Cider Musings

Cider things that make me happy (in no particular order)

 

 

With credit to Adam Well and Cider Review. Please compil and post your list

 

Knowing that more varieties of apples and pears are used to make cider and perry than I will ever find. 

Cider shared between friends.

Listening to the rain in the orchard 

Drinking a bottle by myself in a quiet moment in the orchard.

Listening to apples falling in the orchard.

Enjoying the dappled sunshine under the orchard canopy.

Listening to the bubbling of an airlock

The bottom barn at Ross on Wye.

Watching sunrise over the orchard

Going organic

Discovering two unknown perry pears in Aotearoa/NZ

Watching sunset over the orchard

Looking at a intricate detail in single apple or pear blossom

20 year old Apple brandy from Somerset Cider Brandy company 

The continued existence of Flakey Bark.

Wild flowers in the orchard sward

That I am in social media groups with  close friends I would never have met but for cider.

Pouring a ridiculously good perry for someone who has never tasted the drink before.

The Pomonas of yesteryear.

That there are French and Spanish cider styles as well as English 

That an apple pip won’t grow into a tree of the variety it came from.

Drinking Strongbow in my old local pub as a youth

Full-strength cider being barely half the alcohol content of wine. 

Bottle conditioning and method Albion.

Grateful for the cider maestros of old Kenelm Digby, Christopher Merrit, Lord Scudamore, Rev John Beale.
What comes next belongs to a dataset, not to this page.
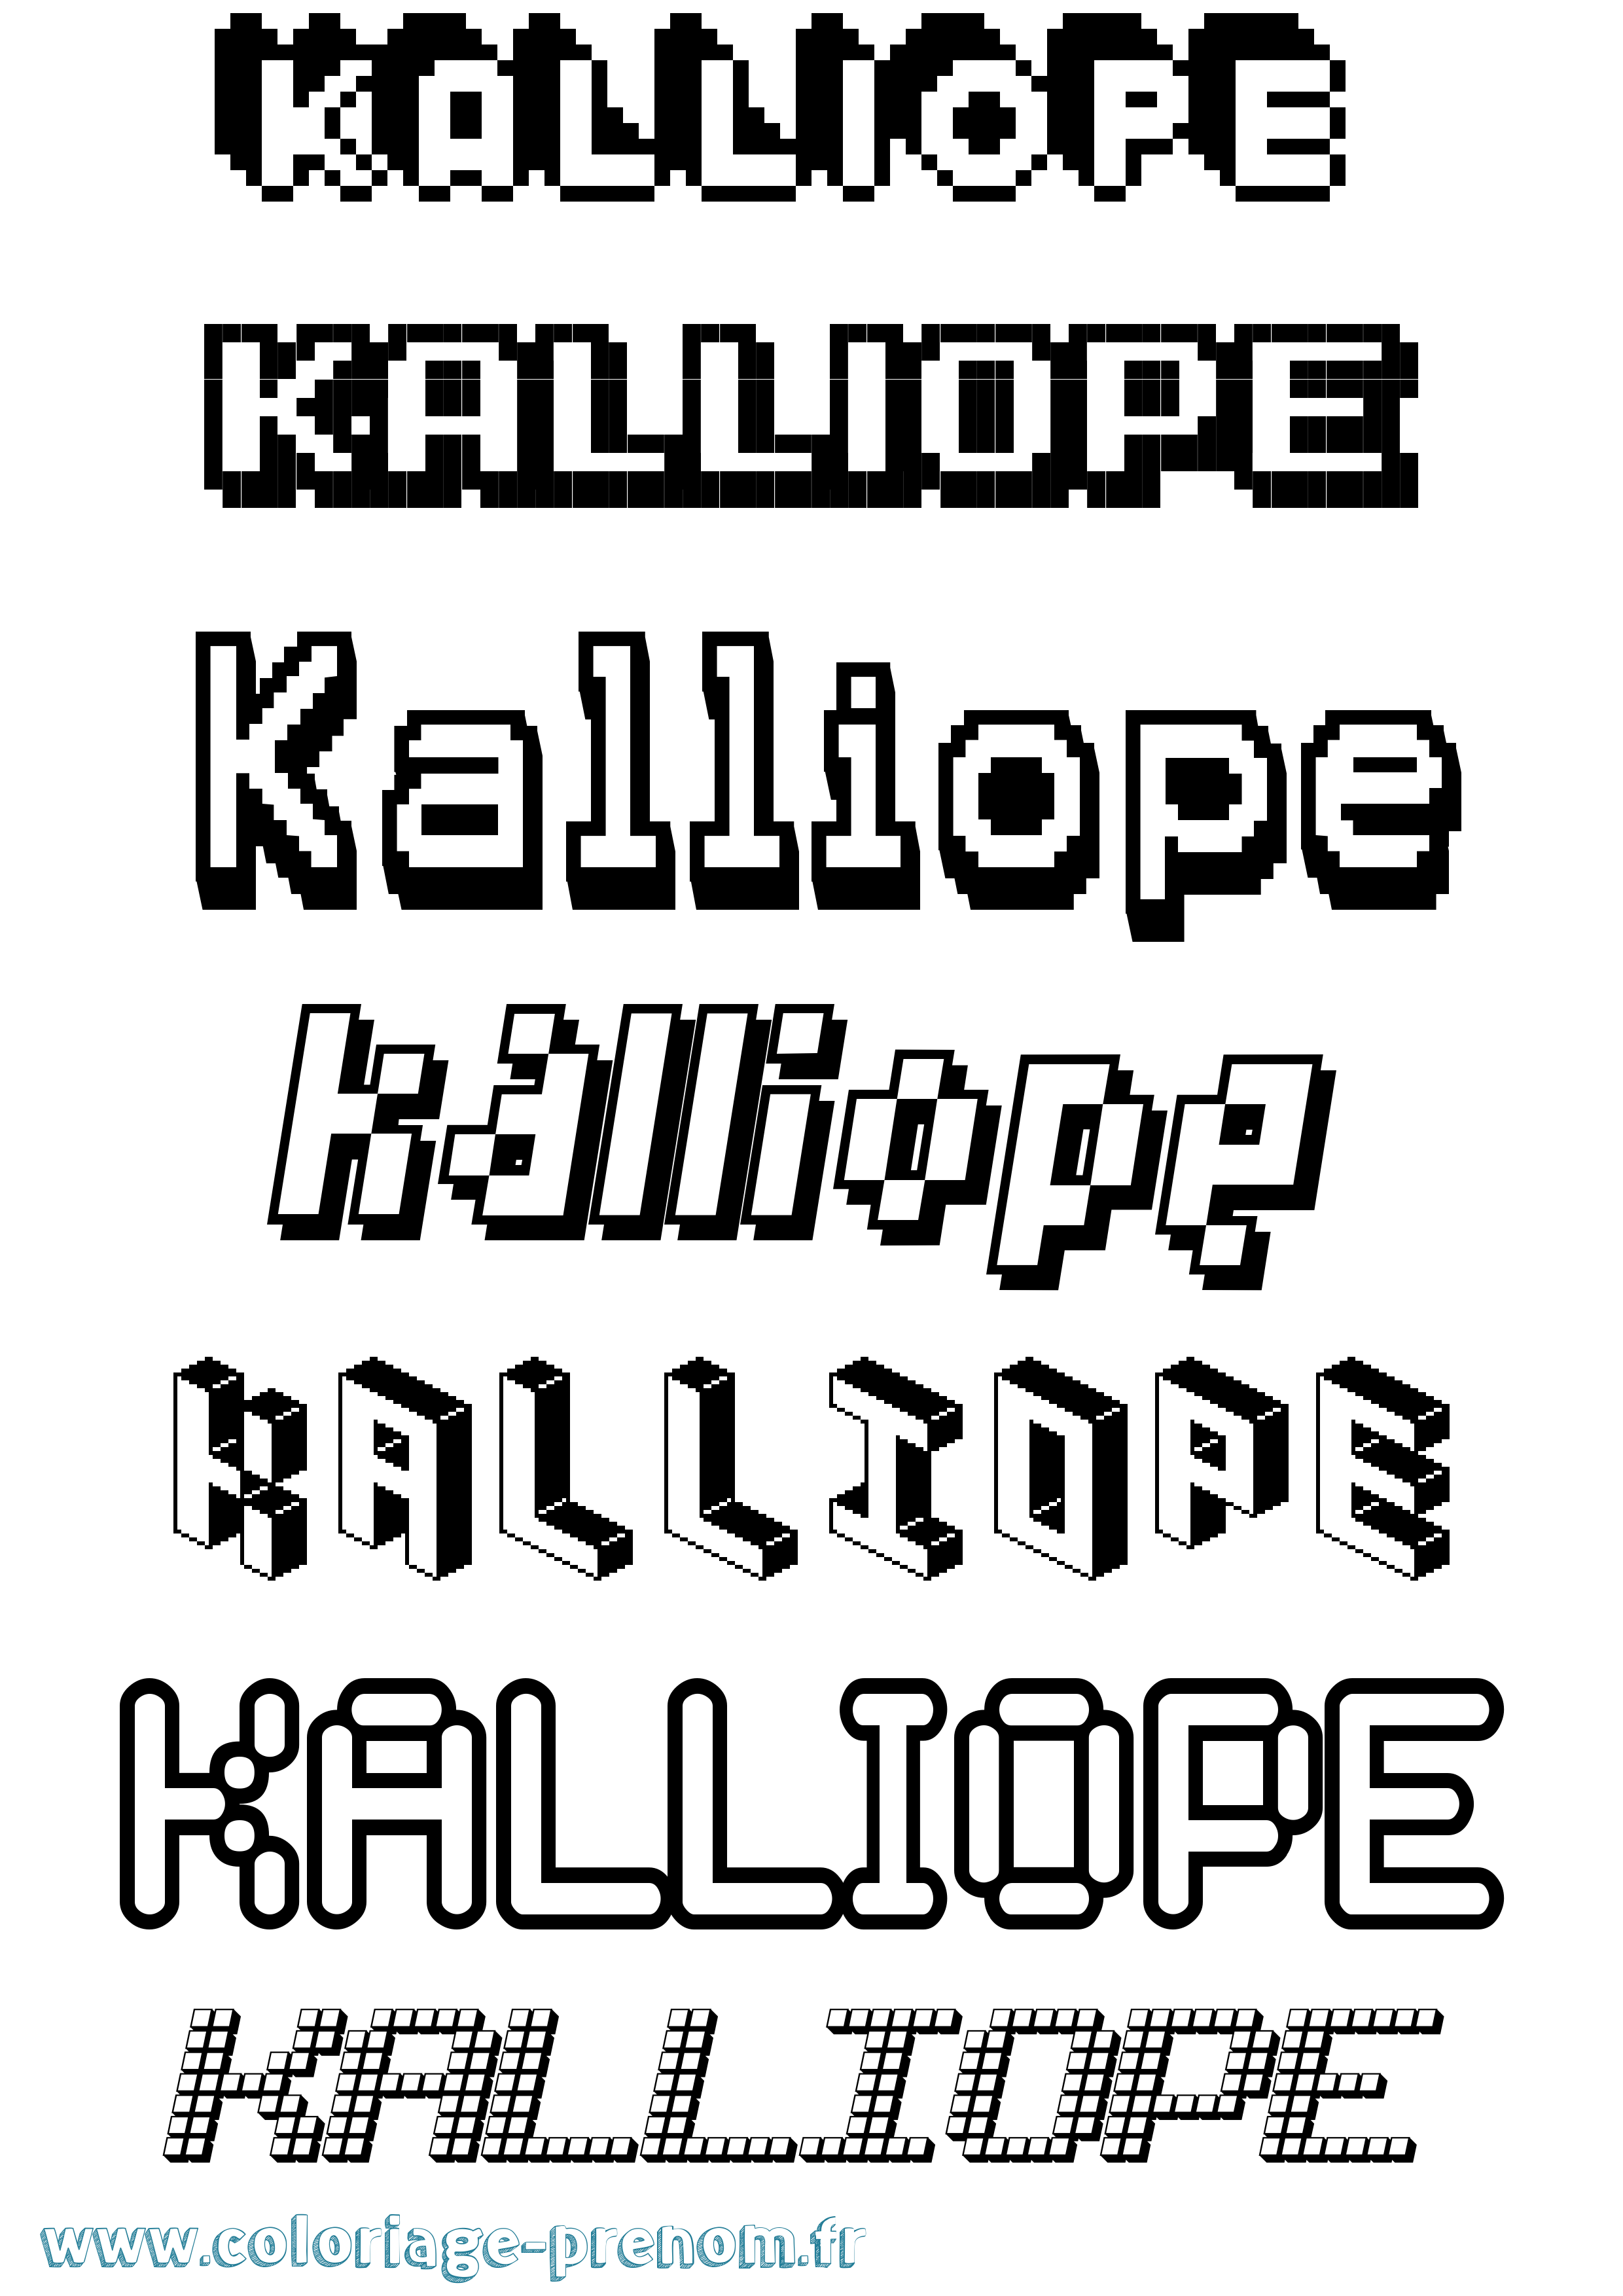 Coloriage prénom Kalliope Pixel

John Worlidge, and Ralph Austen. 

Looking a a traditional orchard in blossom

The cider glass collection at the Museum of Cider in Hereford.

That the language of cider and apple variety flavour is evolving

The ‘psst’, ‘smoke’ and scent of an opened bottle of method Albion. 

That no one today has a clue what the ‘right’ glass for cider is, despite that Lord Scudamore did back  back in 1630. 

Cider and especially perry pairing with fish & chips, curry ,cheese esp. Stilton  and spicy food

Seeing May Hill 

The sight of an old traditional cider orchard in the landscape

When someone messages you about a cider or perry they have recently bought and enjoyed.

The concept of terroir. 

That the same apple juice fermented by different cider makers can taste so different 

The complexity of wild fermentation 

That there is more extraordinary cider and perry in existence right now than there has ever been in the world at any previous point in history since 1664.

Accessibility of the  great cider makers and Andrew Lea 

Old English cider bottles. Dusty with years of storage

Using cider in a recipe instead of wine.

Meeting Tom Oliver

Finding amazing cider or perry unexpectedly at a pub or bar.

The mystery and magic of grafting

The different colours sizes and textures of cider apples and perry pears

That Perry is usually single variety and one tree can provide so much thankfully 

Who invented the word cidery? 

People from cider social media stepping into real life at an event and saying hello.

That the French allowed and perfected blending of apple and pear juice mixed. 

Knowing cider is more akin to wine than beer

Knowing that Kingston Black grows absurdly well in Wairarapa Aotearoa 

That  very few cider makers can balance a hopped cider as good as Alex Peckham 

Perry pear trees in Herefordshire recorded to be over 300 years old. Older than the Union of England and Scotland. 

Golden fresh-pressed apple juice 

Everyone happily passing on the phrase ‘Napoleon called perry the champagne of the English’ despite there being no evidence for this happening whatsoever. Someone PLEASE send me a reference

The number of apples  that one single standard tree can grow, 

Drinking Flakey Bark perry with Mike Johnson in the cider cellar at Ross-on-Wye 

Shropshire sheep 

Bumblebees 

Cider festivals

The sound of a  slow rolling fine natural ferment

Morris dancing 

Wassail

Researching cider and perry. 

Knowing the Normans brought cider apples to England and that my ancestors were Norman hence the prefix 'fitz' in my surname.